Dünya Sağlık Örgütü 23 Ocak tarihinde yaptığı açıklamada hastalığın insandan insana bulaştığını, bulaşma hızının ise her bir hasta kişi için 1,4 ila 2,5 olduğunu söylemişti. Bu rakam daha önceki SARS salgınında her bir enfekte birey için 2,5 ila 4 idi. Yani hasta olan her bir birey, hastalığı 1,4 ila 2,5 kişiye daha bulaştırabiliyordu. Örgüt hastalığın öldürme oranının ise halihazırda yüzde 4 olduğunu belirtti. (557’de 17).
Öte yandan Sağlık Bakanlığı çalışanlarını bilgilendirmek için internet sitesinde bir rehber paylaştı. Rehberde sağlık çalışanlarının bu tip vakalarla nasıl mücadele edeceği bilgilerinin yanı sıra enfeksiyonun yaygın belirtileri sıralandı. Açıklamaya göre sıkça karşılaşılan belirtiler solunum semptomları, ateş, öksürük ve nefes darlığı olarak belirtildi. Daha ciddi vakalarda ise zatürre, ağır akut solunum yolu enfeksiyonu, böbrek yetmezliği ve ölüm görülebileceği vurgulandı.

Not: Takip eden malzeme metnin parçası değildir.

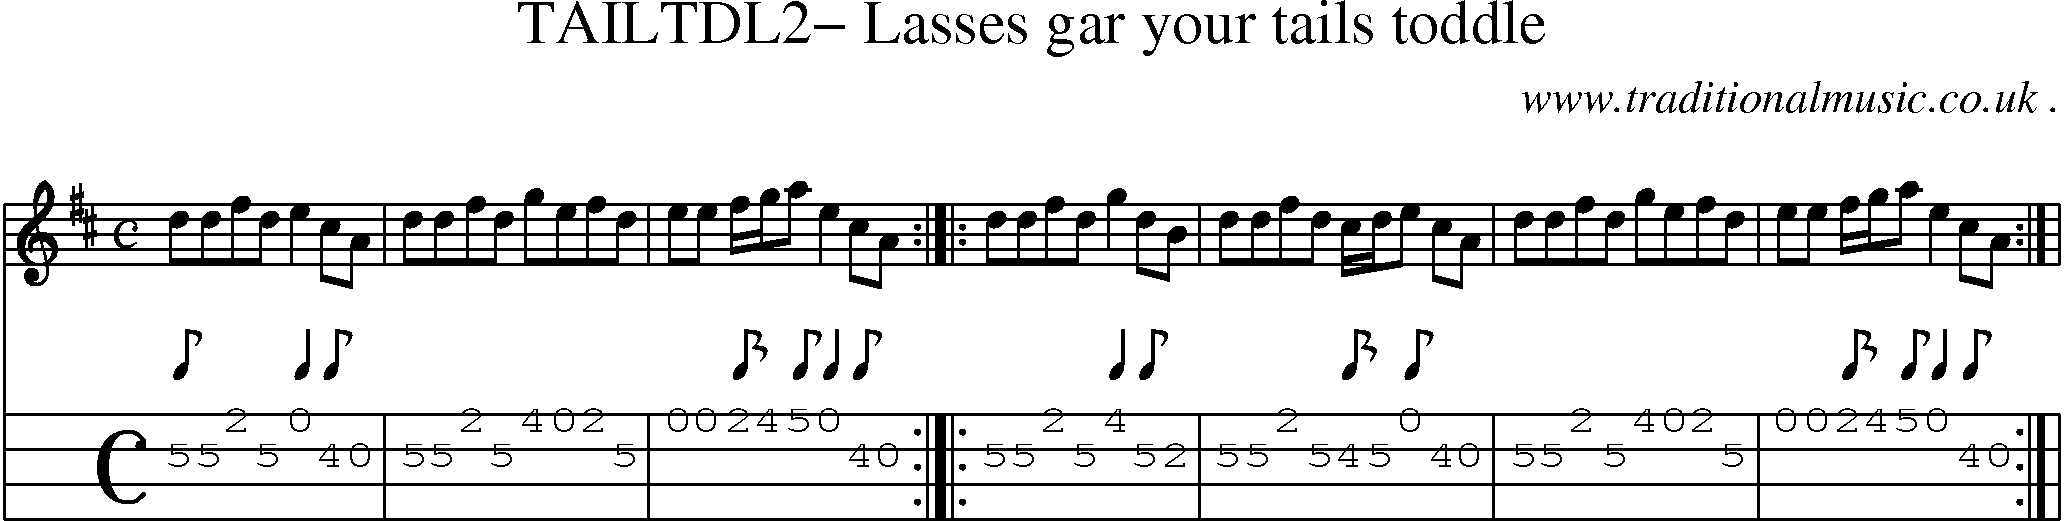 Sheet-Music and Mandolin Tabs for Tailtdl2 Lasses Gar Your Tails Toddle

Türk Tabipleri Birliği de Türk Klinik Mikrobiyoloji ve İnfeksiyon Hastalıkları Derneği’yle (KLİMİK) birlikte hastalığa ilişkin bir açıklama yayınlayarak bir bilgilendirmede bulundu. Açıklamada hastalığın 2 ila 14 gün süren kuluçka sonrası ortaya çıktığı belirtildi. Bilgilendirme notunda hastalığı daha ağır geçiren ve risk altında bulunanların ileri yaş ve çeşitli hastalıklara sahip kişiler (akciğer hastalıkları, organ yetmezlikleri, kanser, diyabet, bağışıklık baskılayan hastalıklar) olduğu ifade edildi. Ayrıca hastalığın solunum salgıları ile bulaştığının düşünüldüğü ve henüz etkili olduğu belirlenmiş bir ilaç olmadığı vurgulandı.